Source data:
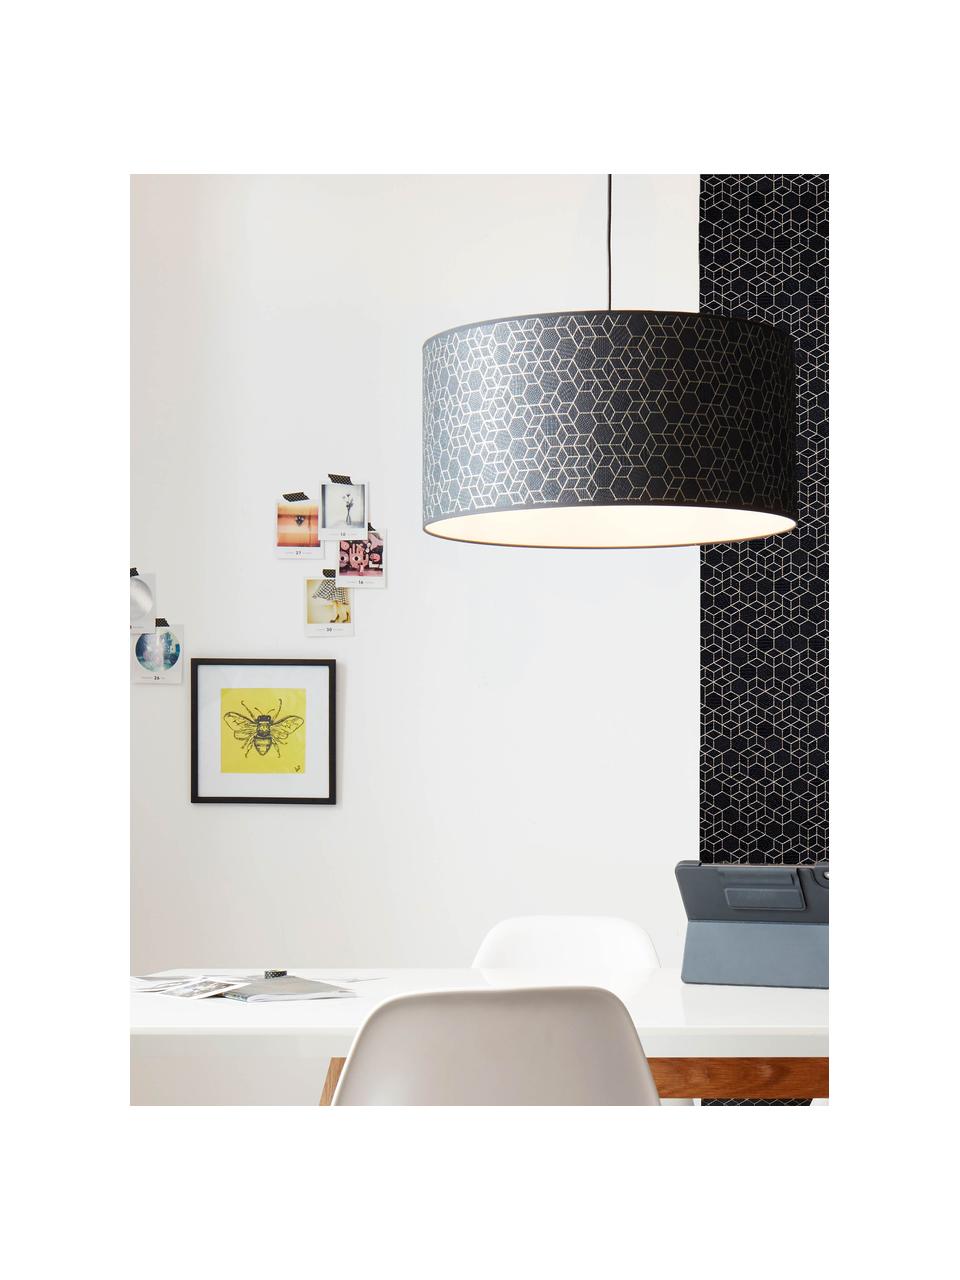 Hanglamp Galance in zwart, Lampenkap: stof, Baldakijn: kunststof, Zwart, Ø 50 x H 25 cm
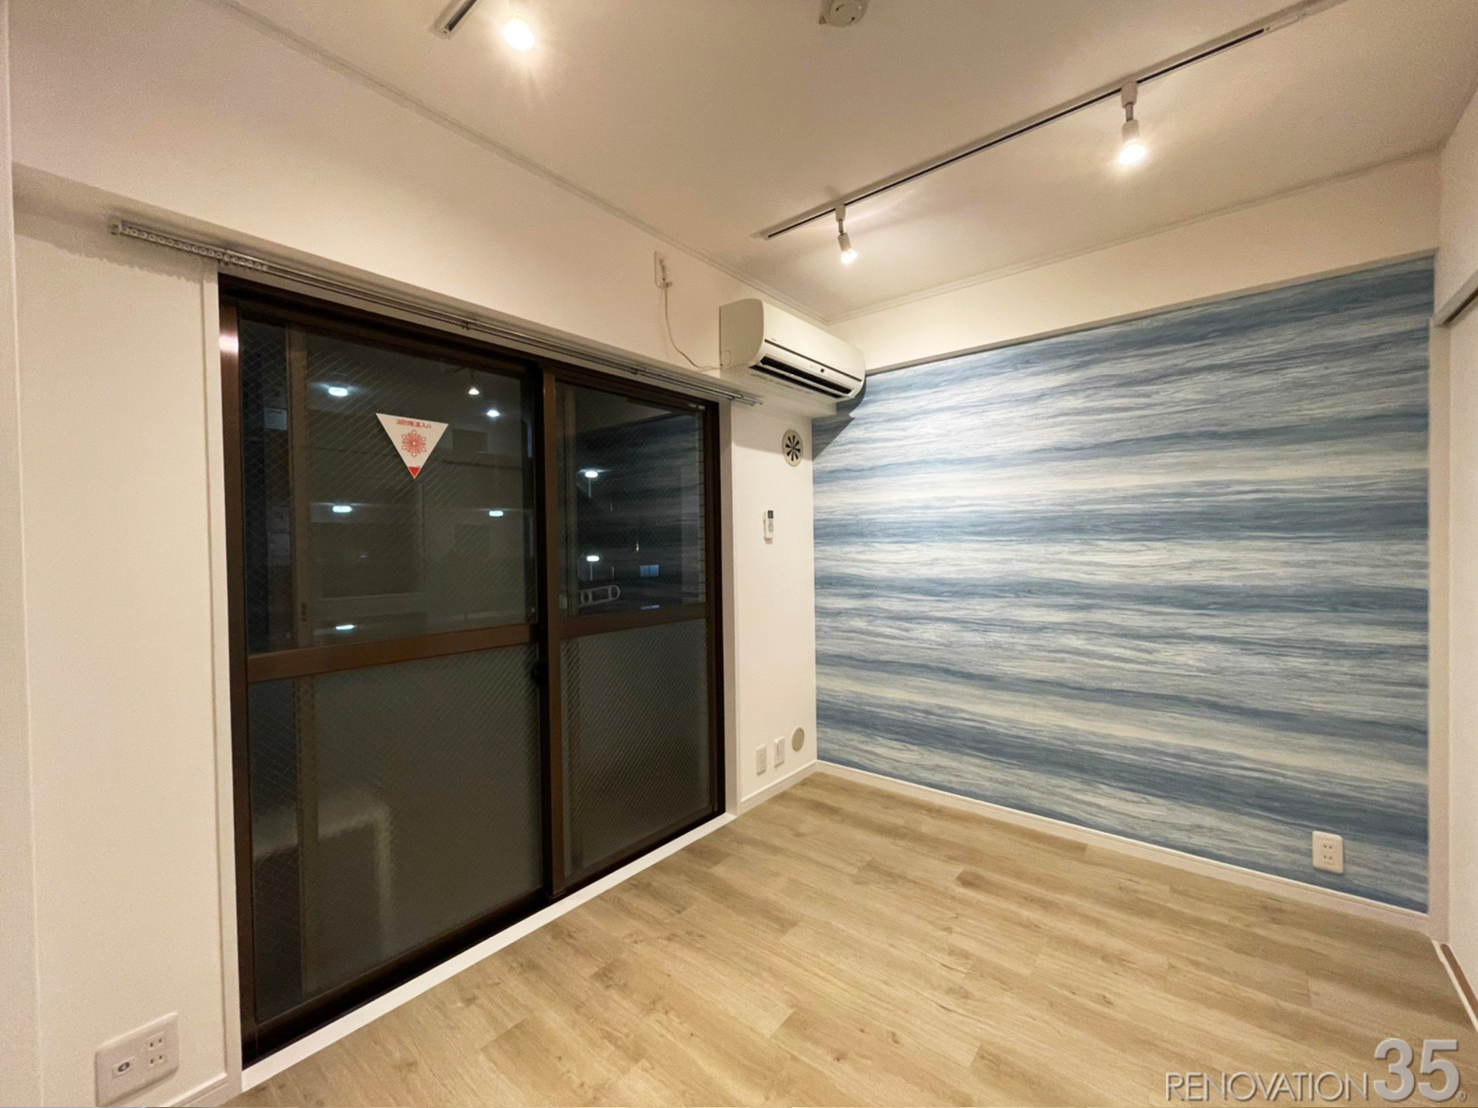 特別なブルー、1Kの空室対策リノベーション埼玉県志木市、AFTER2
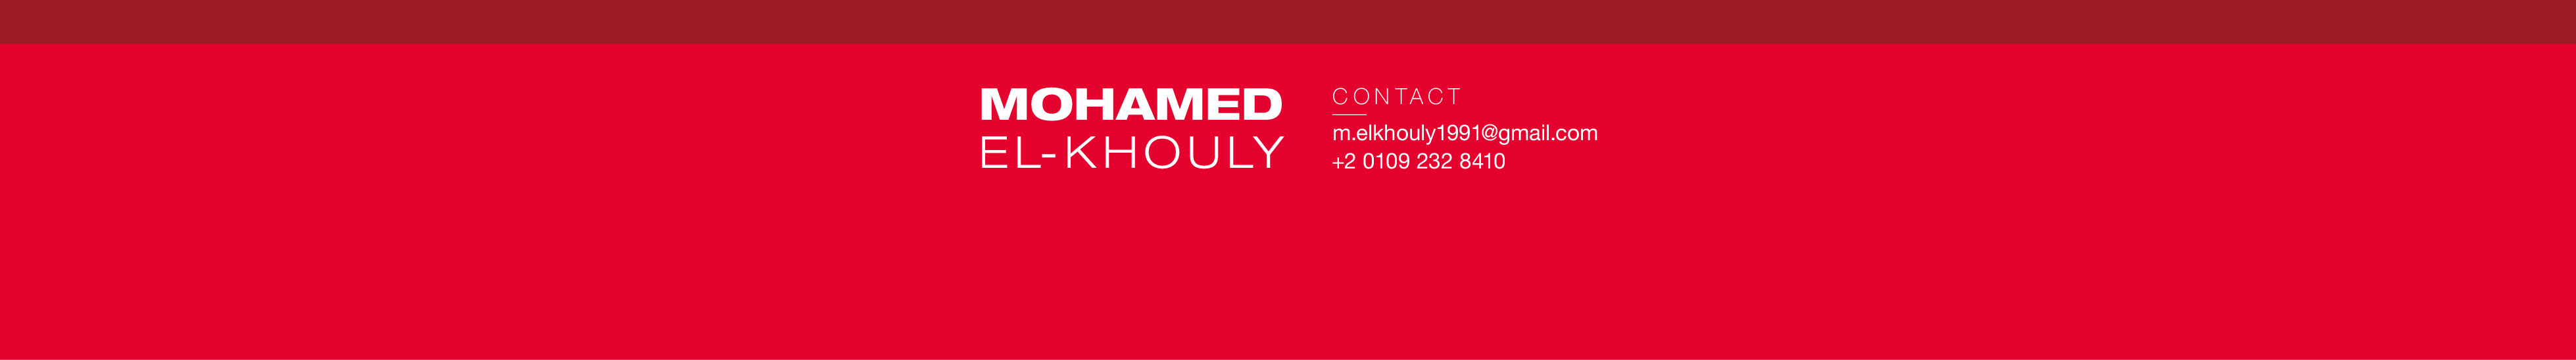 Mohamed Elkhoulys profilbanner
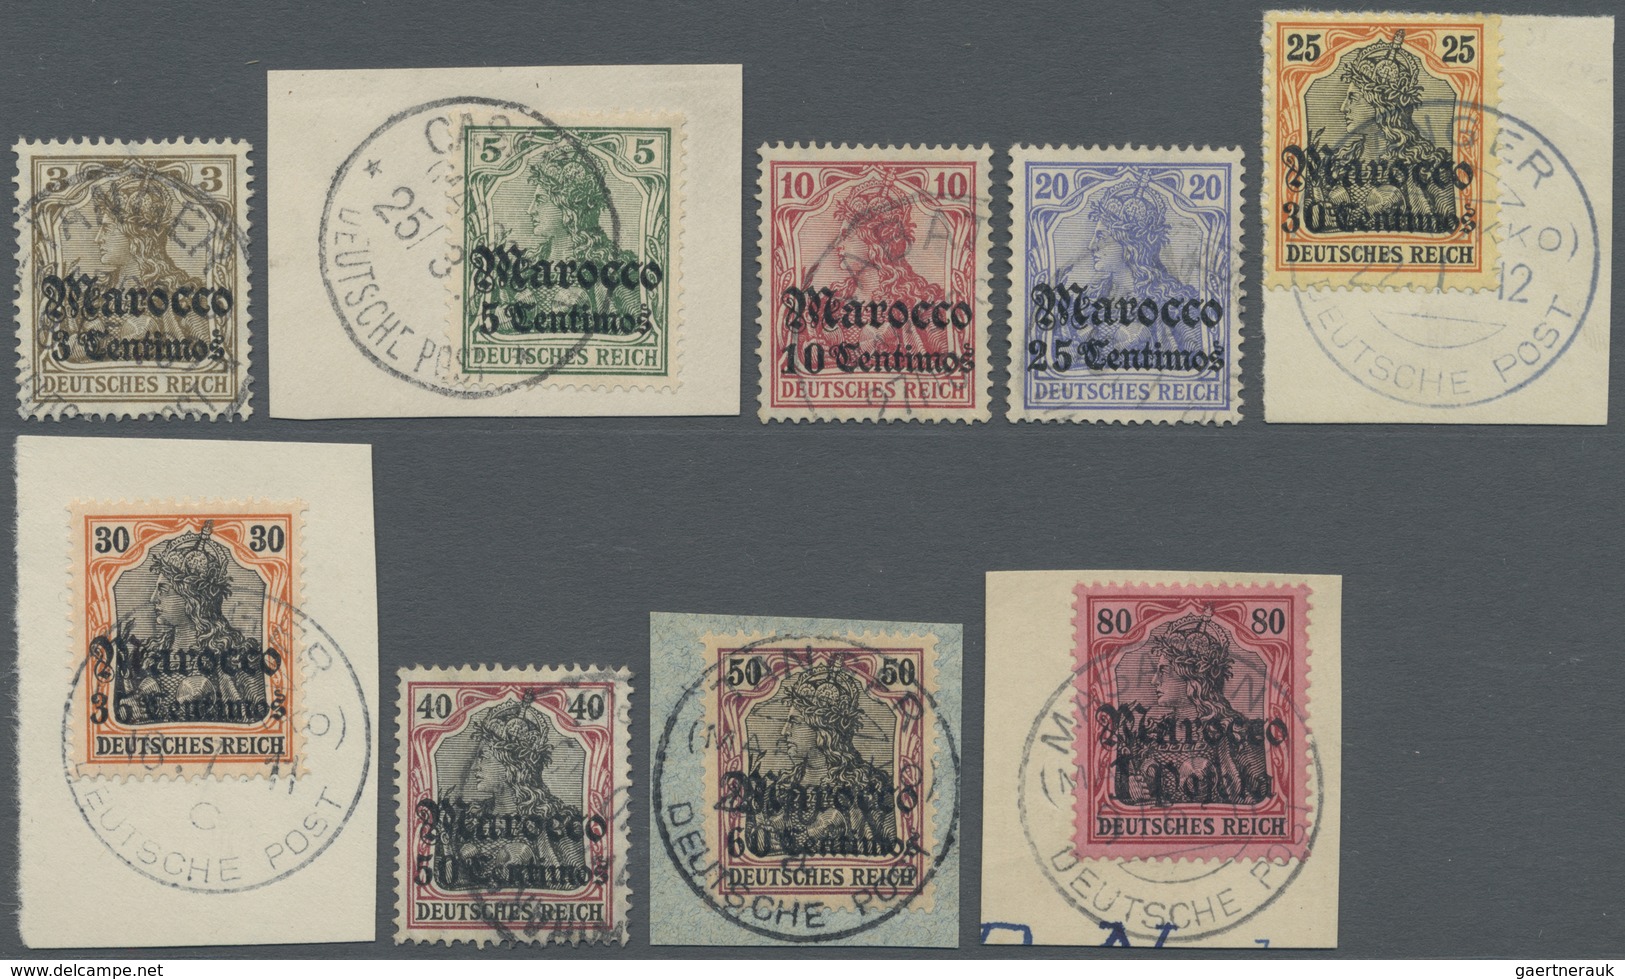 O/Brfst Deutsche Post In Marokko: 1906, Freimarken Germania Mit Wasserzeichen Und Überdruck "Marocco" Sauber - Marocco (uffici)
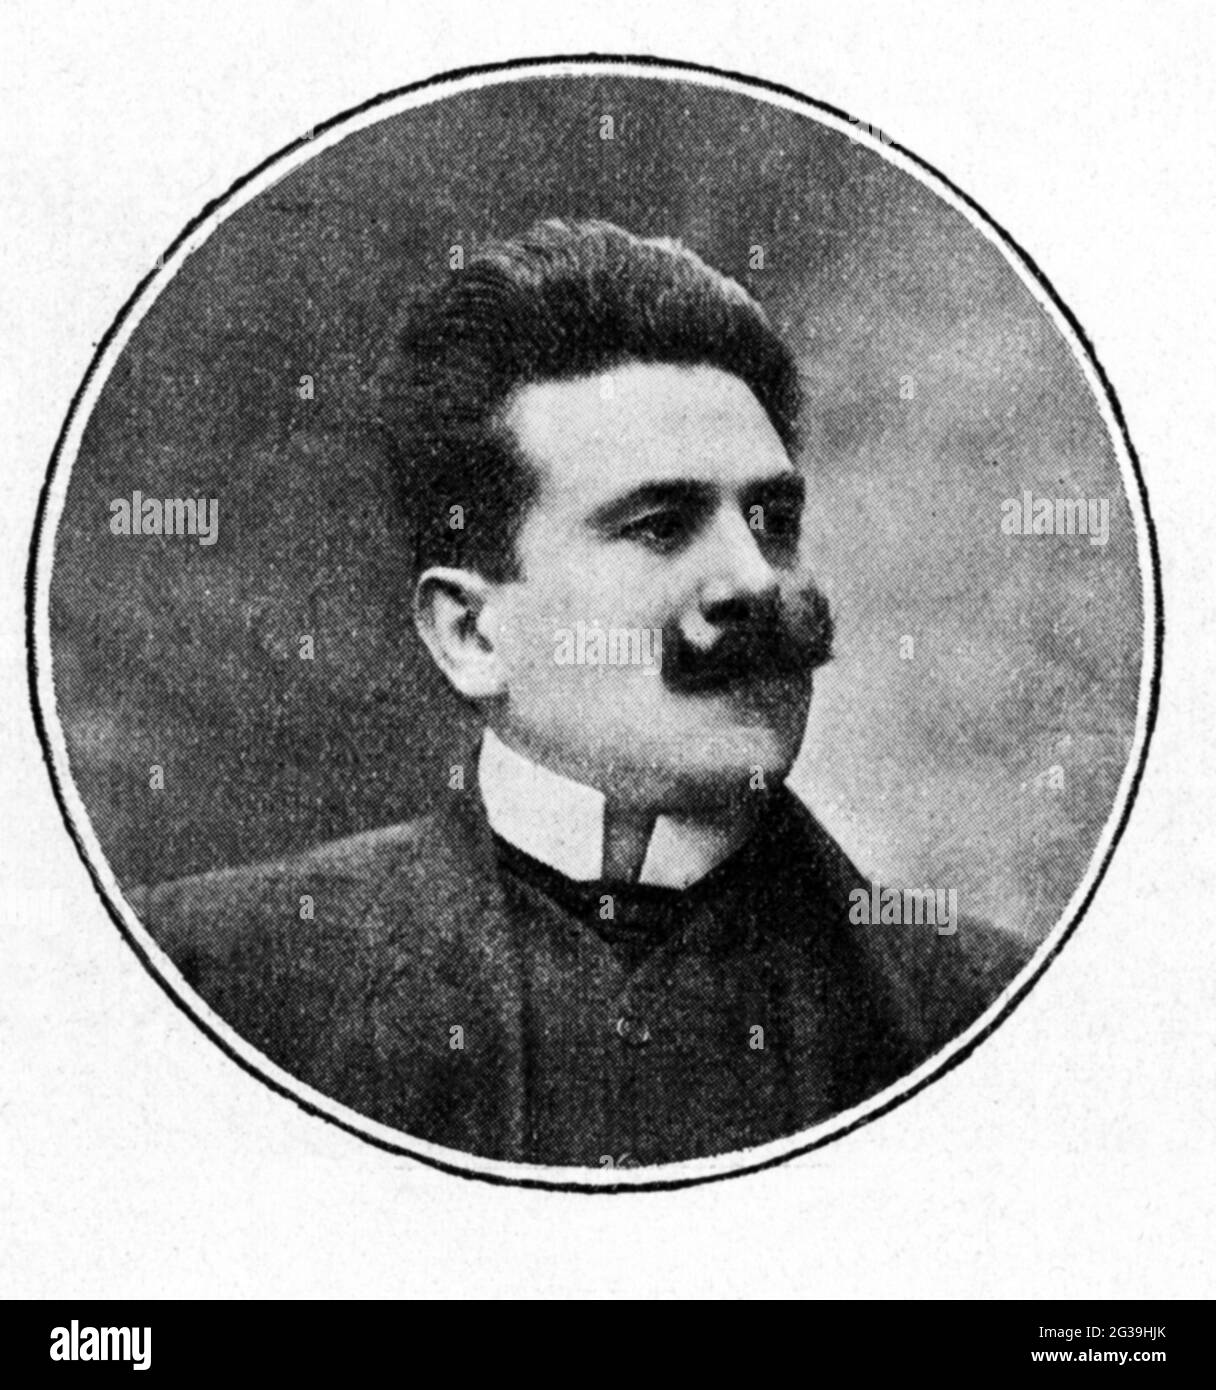 1910 , ITALIA : il compositore e direttore di musica italiana GIANNI BUCCERI ( 1872 - 1953 ) - MUSICA - COMPOSITORE - DIRETTORE D' ORCHESTRA - MUSICA - classica - ritratto - baffi - baffi - colletto - colletto --- Archivio GBB Foto Stock
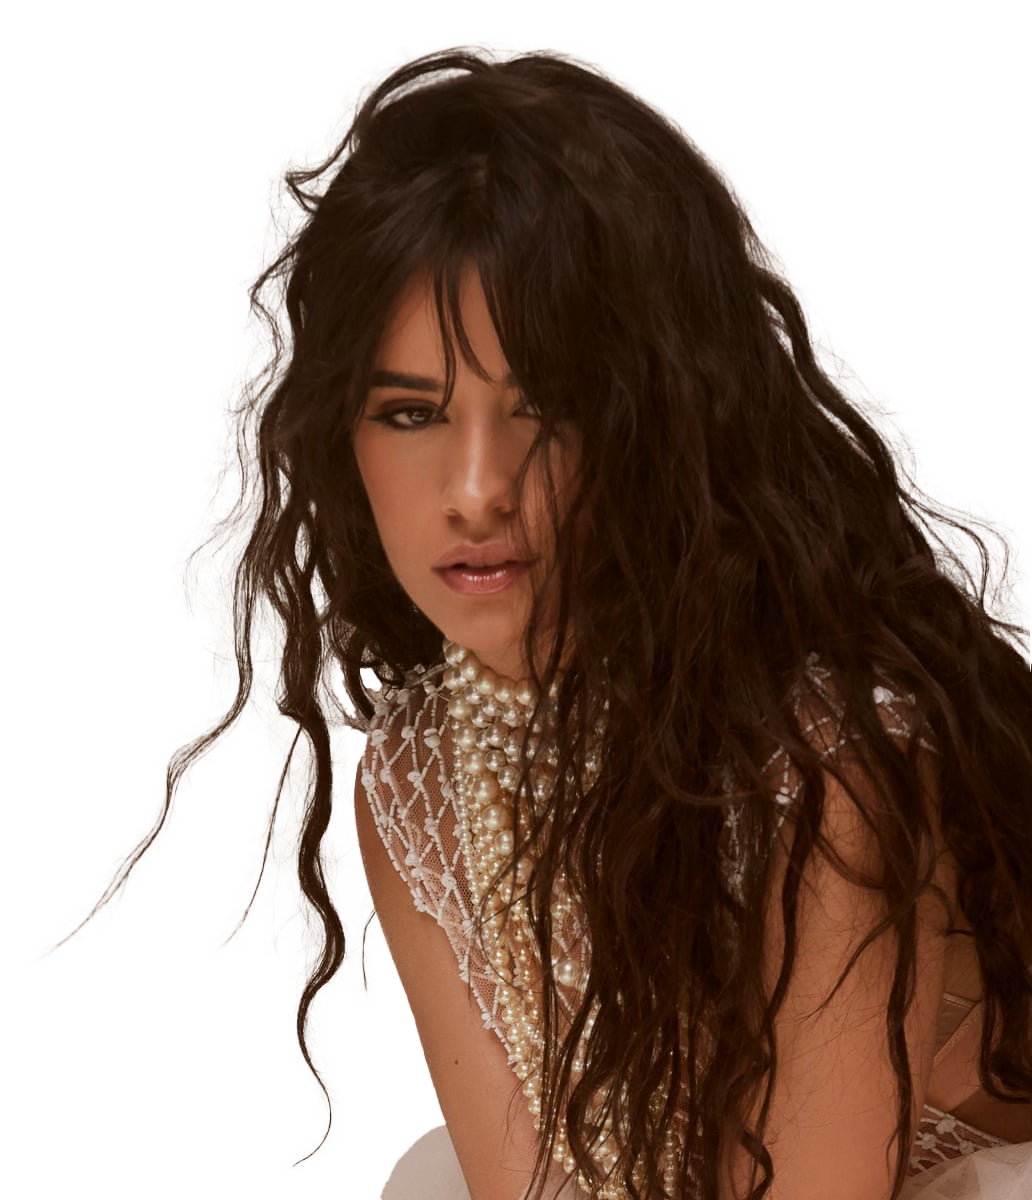 Sängerin Camila Cabello Hintergrund PNG-Bild

### Task to complete
Repeat the records above exactly, omitting every picture.

### Written answer
 Hanglamp Galance in zwart, Lampenkap: stof, Baldakijn: kunststof, Zwart, Ø 50 x H 25 cm
 特別なブルー、1Kの空室対策リノベーション埼玉県志木市、AFTER2
 Mohamed Elkhoulys profilbanner
 O/Brfst Deutsche Post In Marokko: 1906, Freimarken Germania Mit Wasserzeichen Und Überdruck "Marocco" Sauber - Marocco (uffici)
 1910 , ITALIA : il compositore e direttore di musica italiana GIANNI BUCCERI ( 1872 - 1953 ) - MUSICA - COMPOSITORE - DIRETTORE D' ORCHESTRA - MUSICA - classica - ritratto - baffi - baffi - colletto - colletto --- Archivio GBB Foto Stock
 Sängerin Camila Cabello Hintergrund PNG-Bild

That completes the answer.